The task
Whenever a picture appears, leave it out while repeating all the other data exactly.

Supplied material
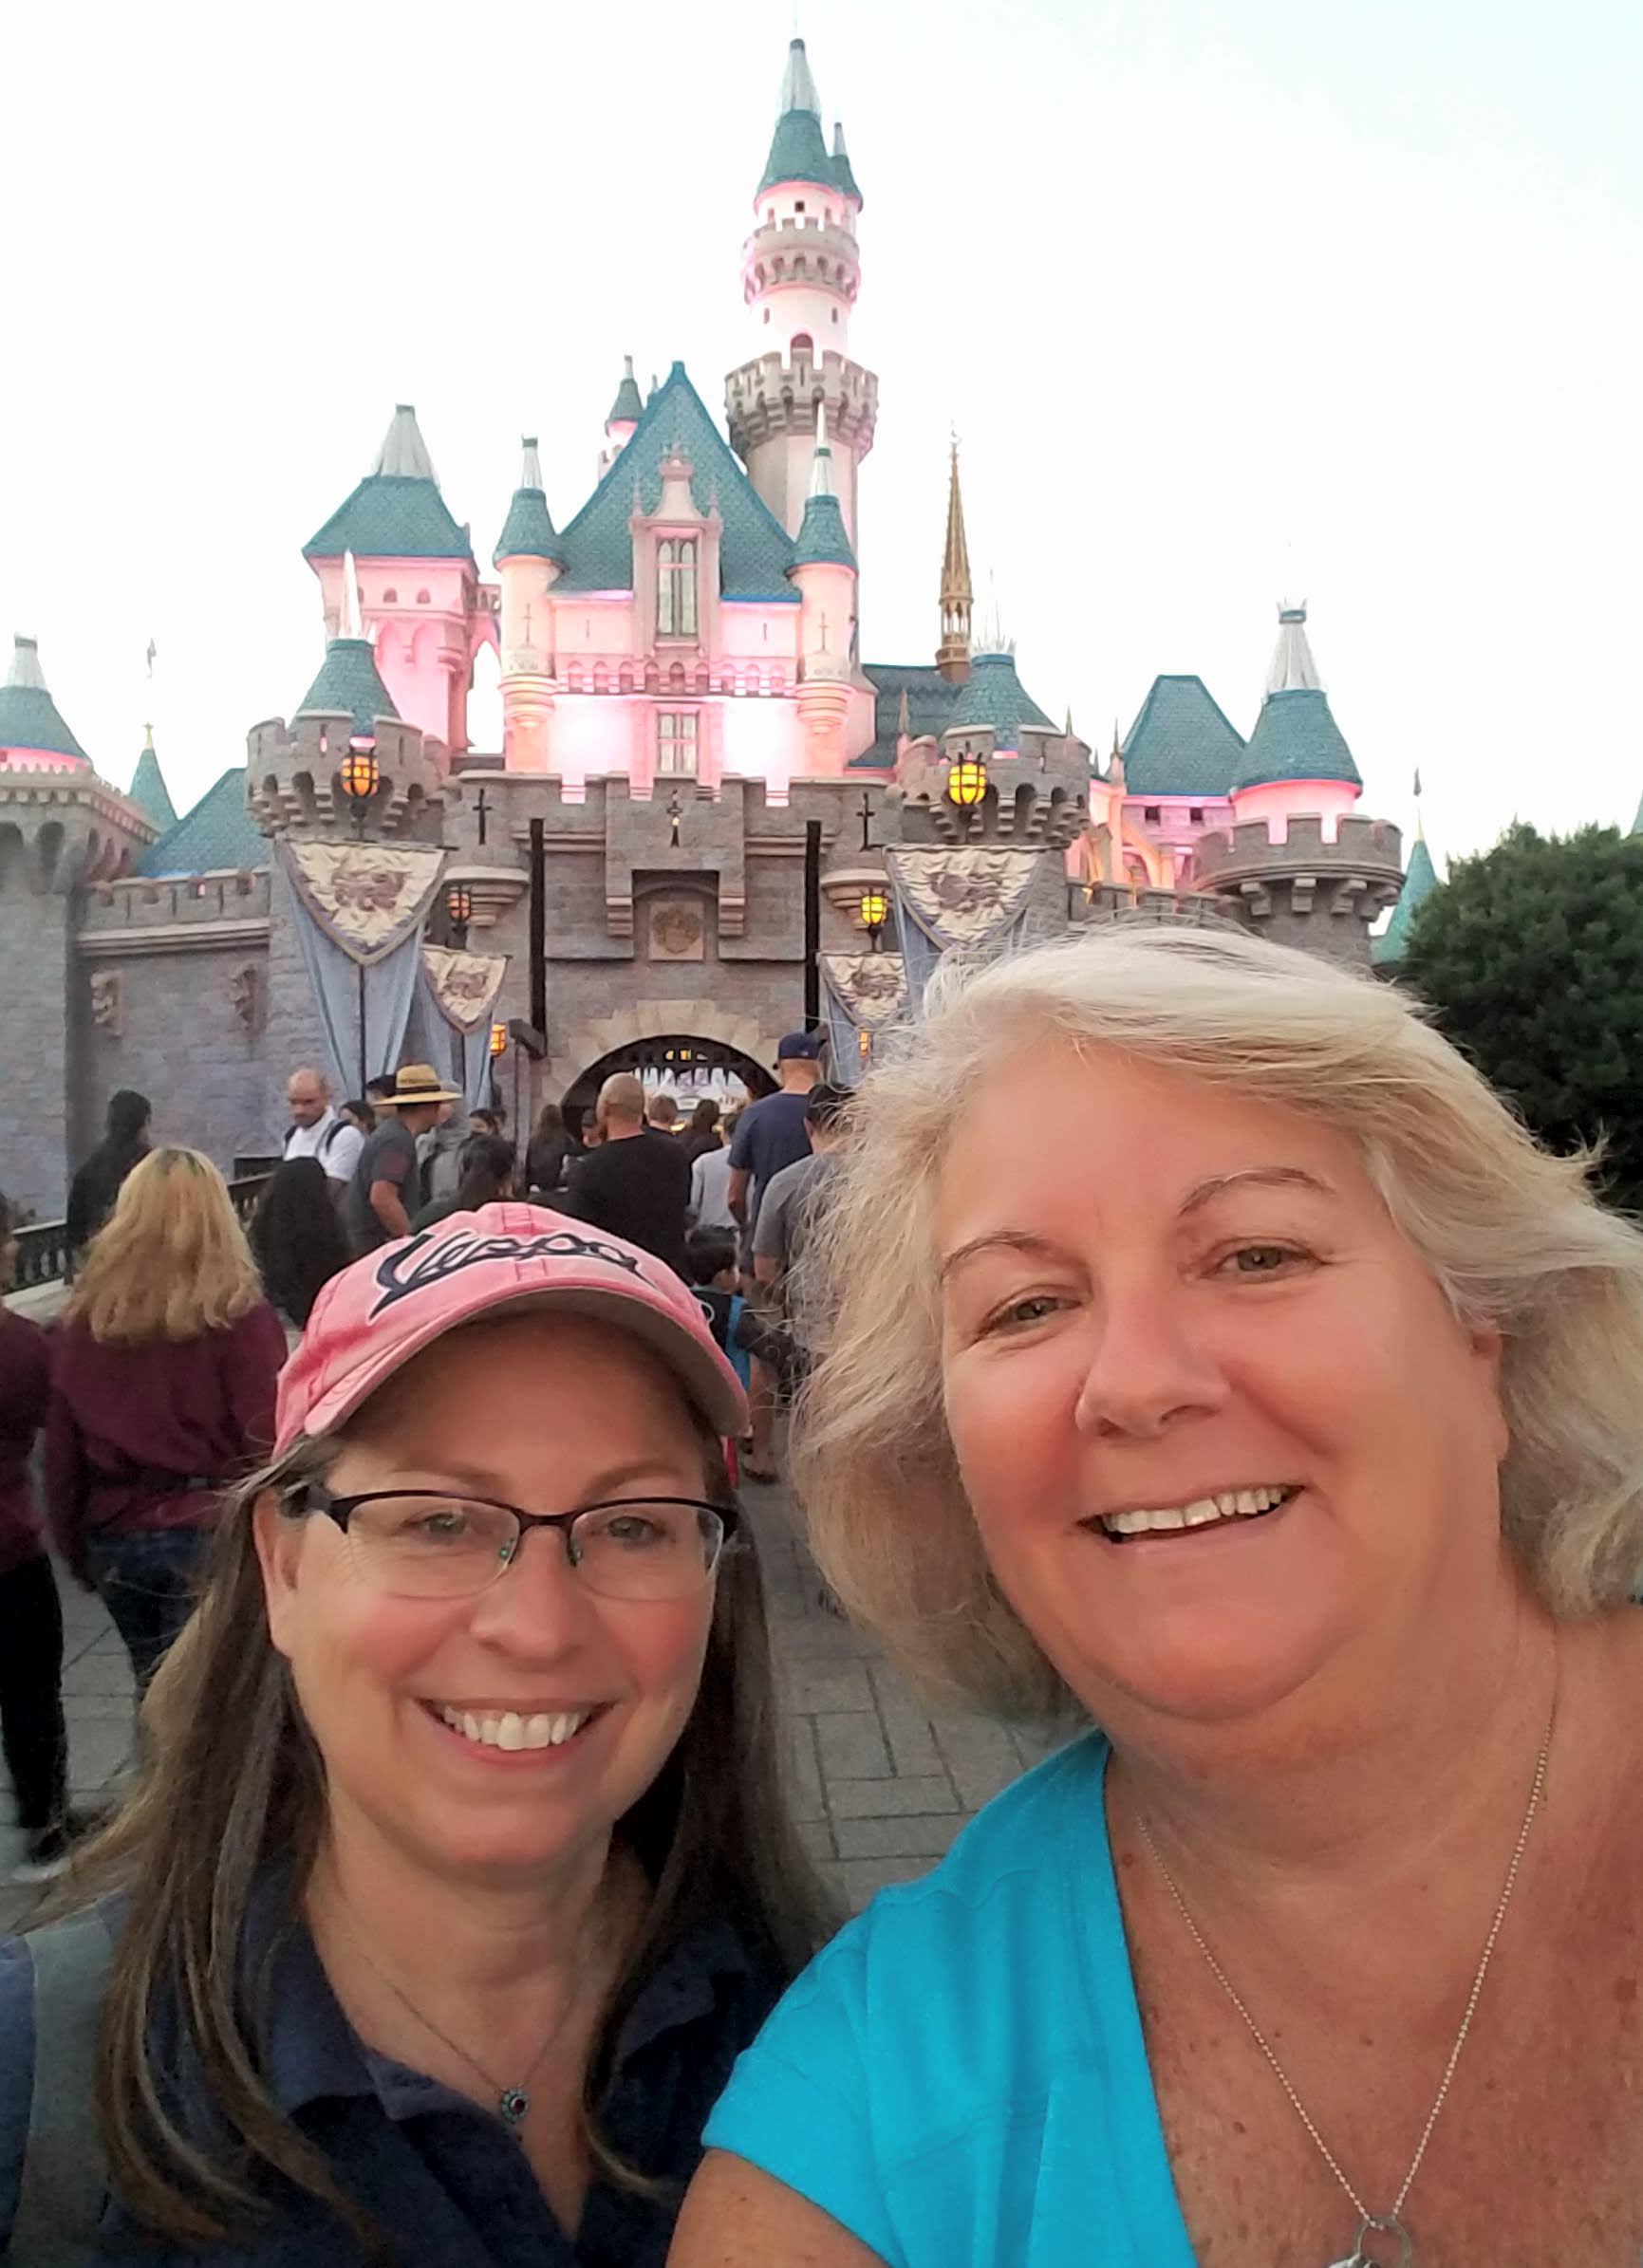 Marcy & Beth visit Disneyland
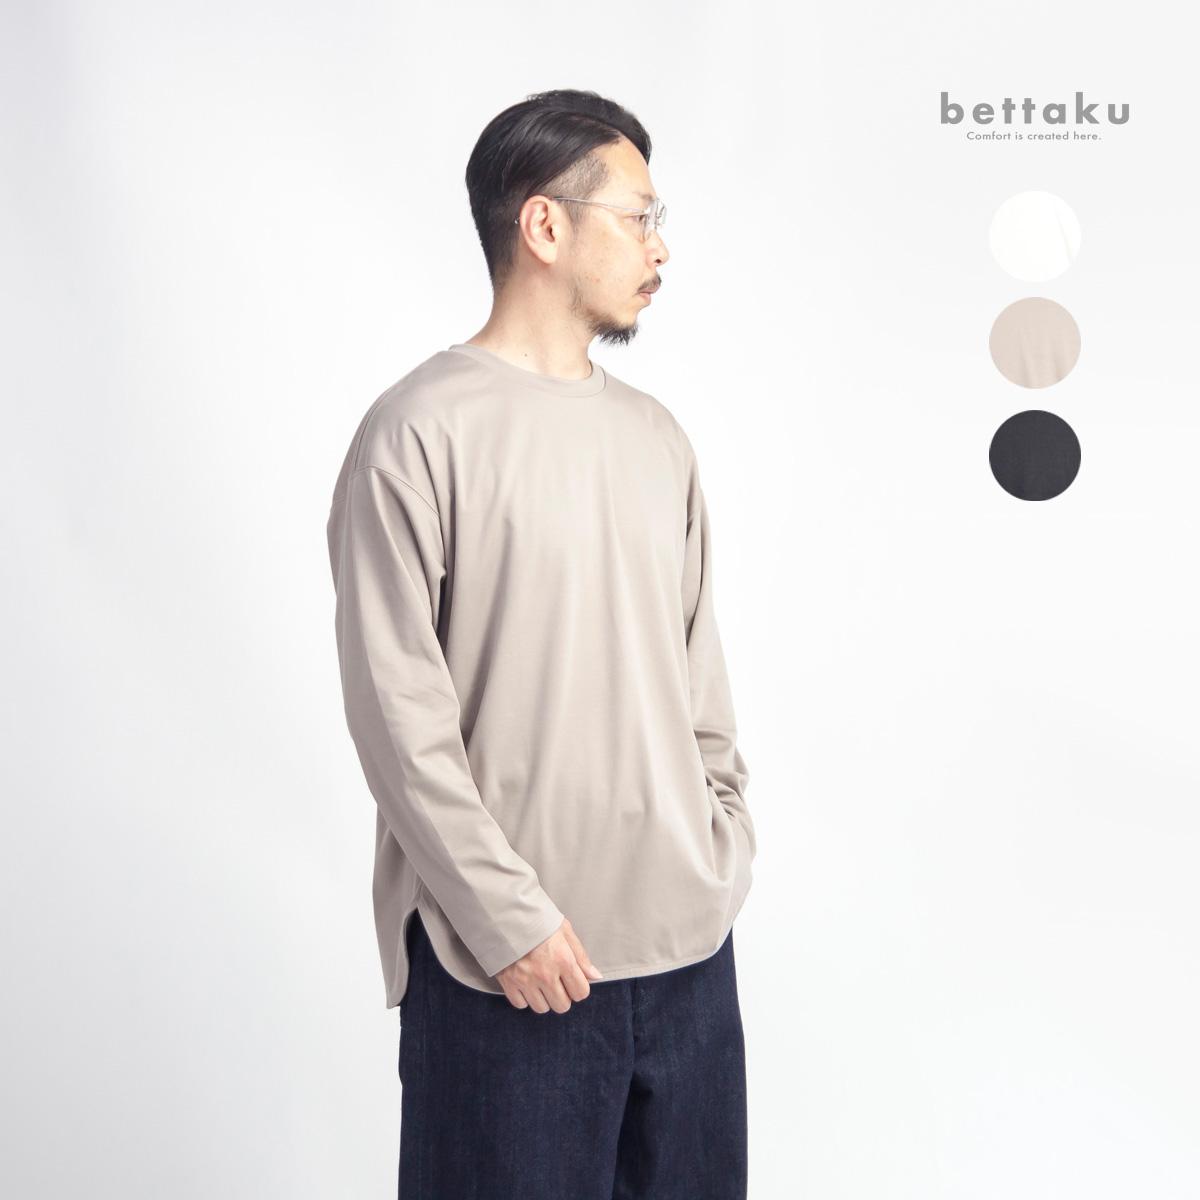 Bettaku ベッタク コンパクト天竺 3タック長袖Tシャツ 日本製 メンズ
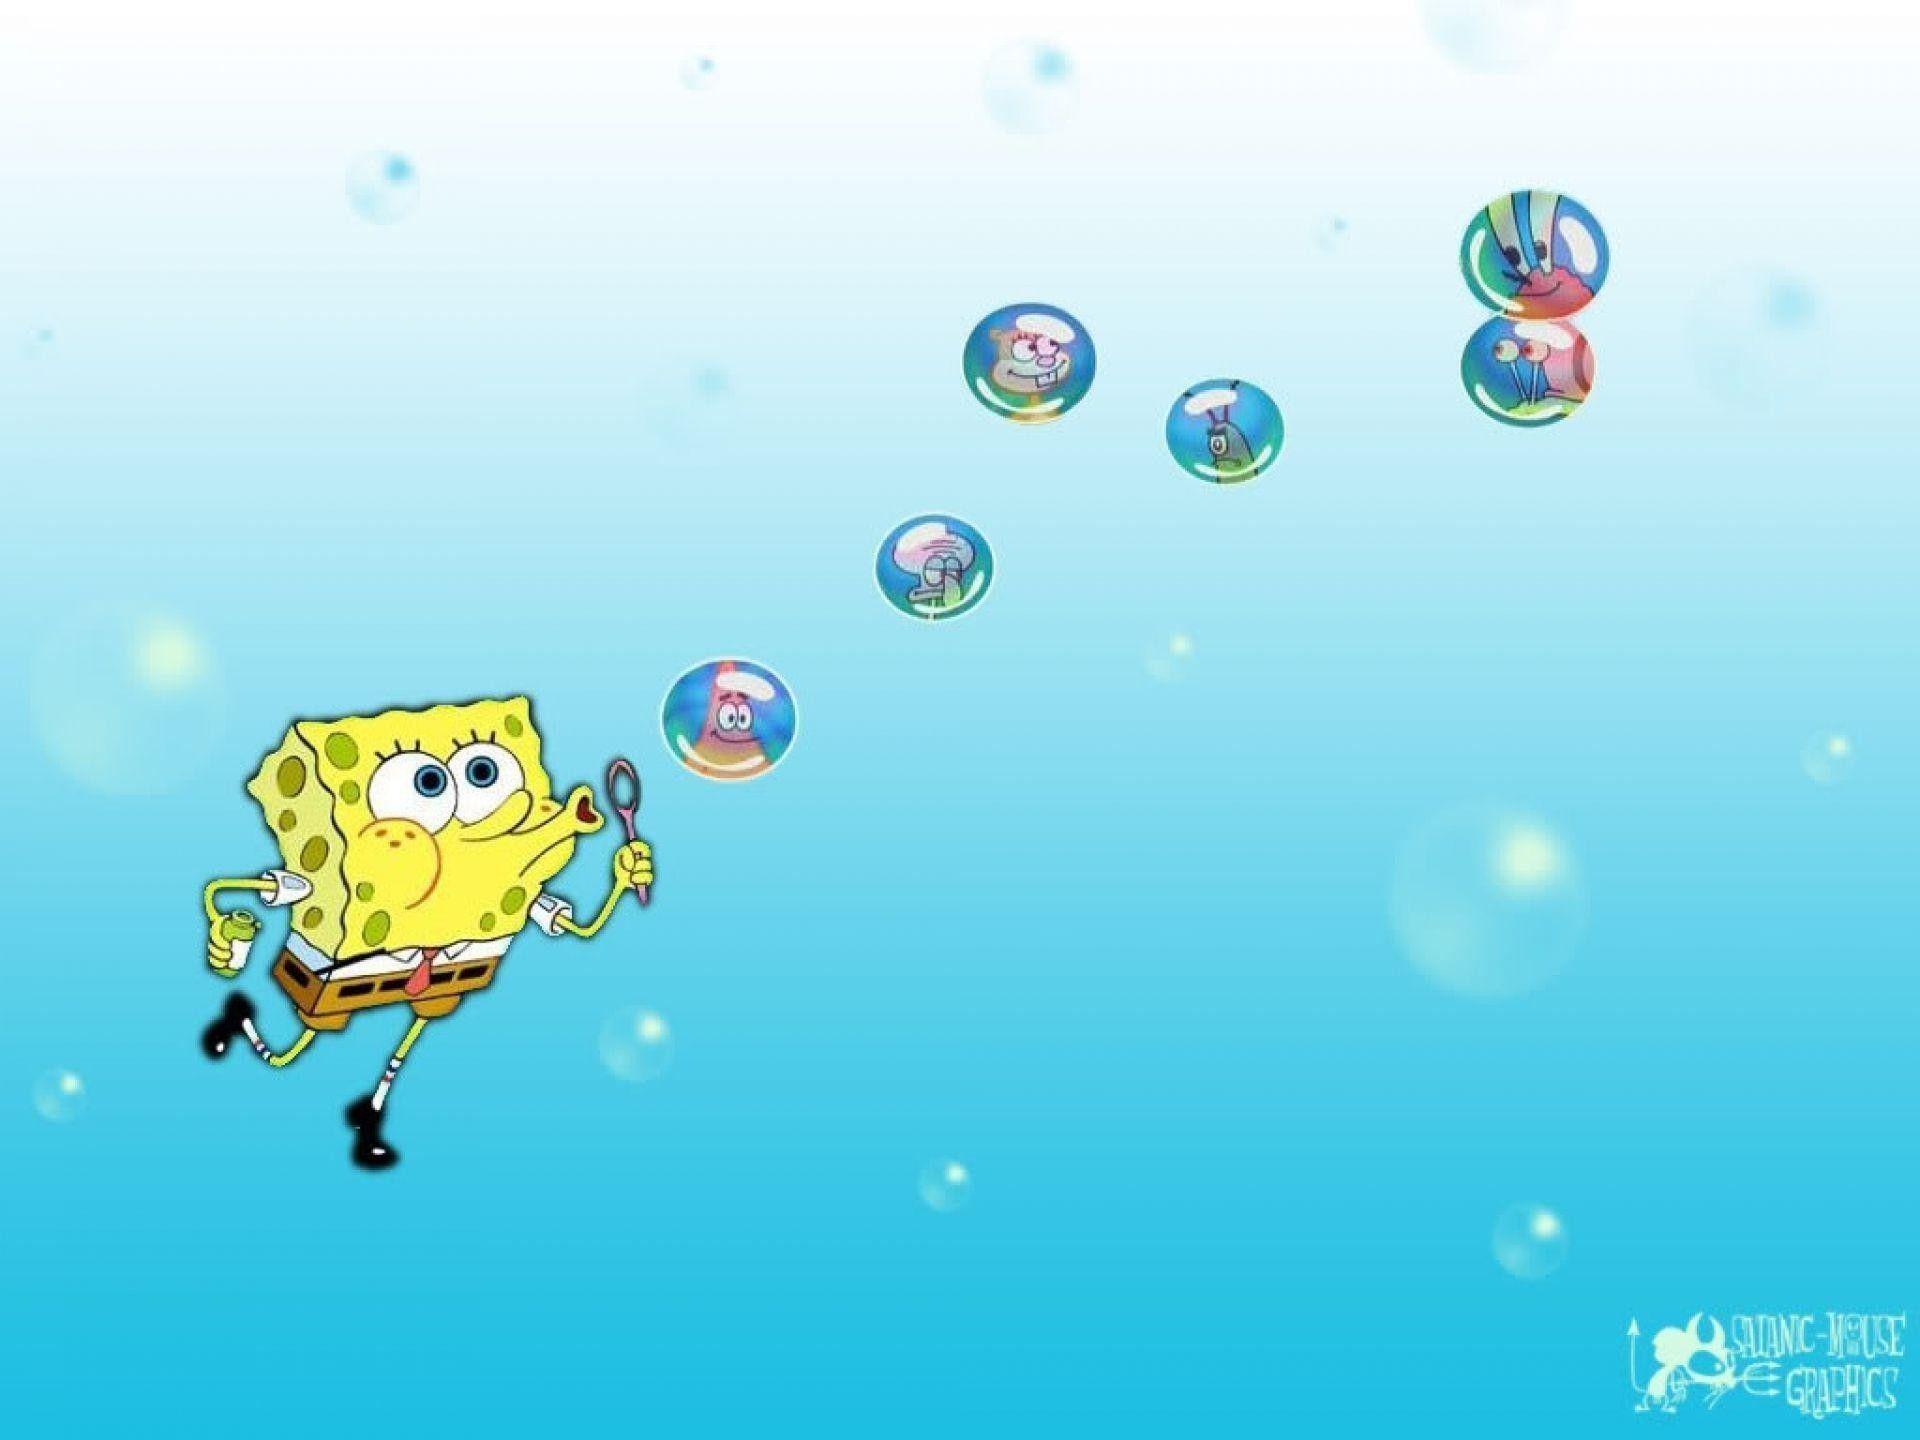 Wallpaper For Laptop Spongebob

Exercise answer
 Marcy & Beth visit Disneyland
 Bettaku ベッタク コンパクト天竺 3タック長袖Tシャツ 日本製 メンズ
 Wallpaper For Laptop Spongebob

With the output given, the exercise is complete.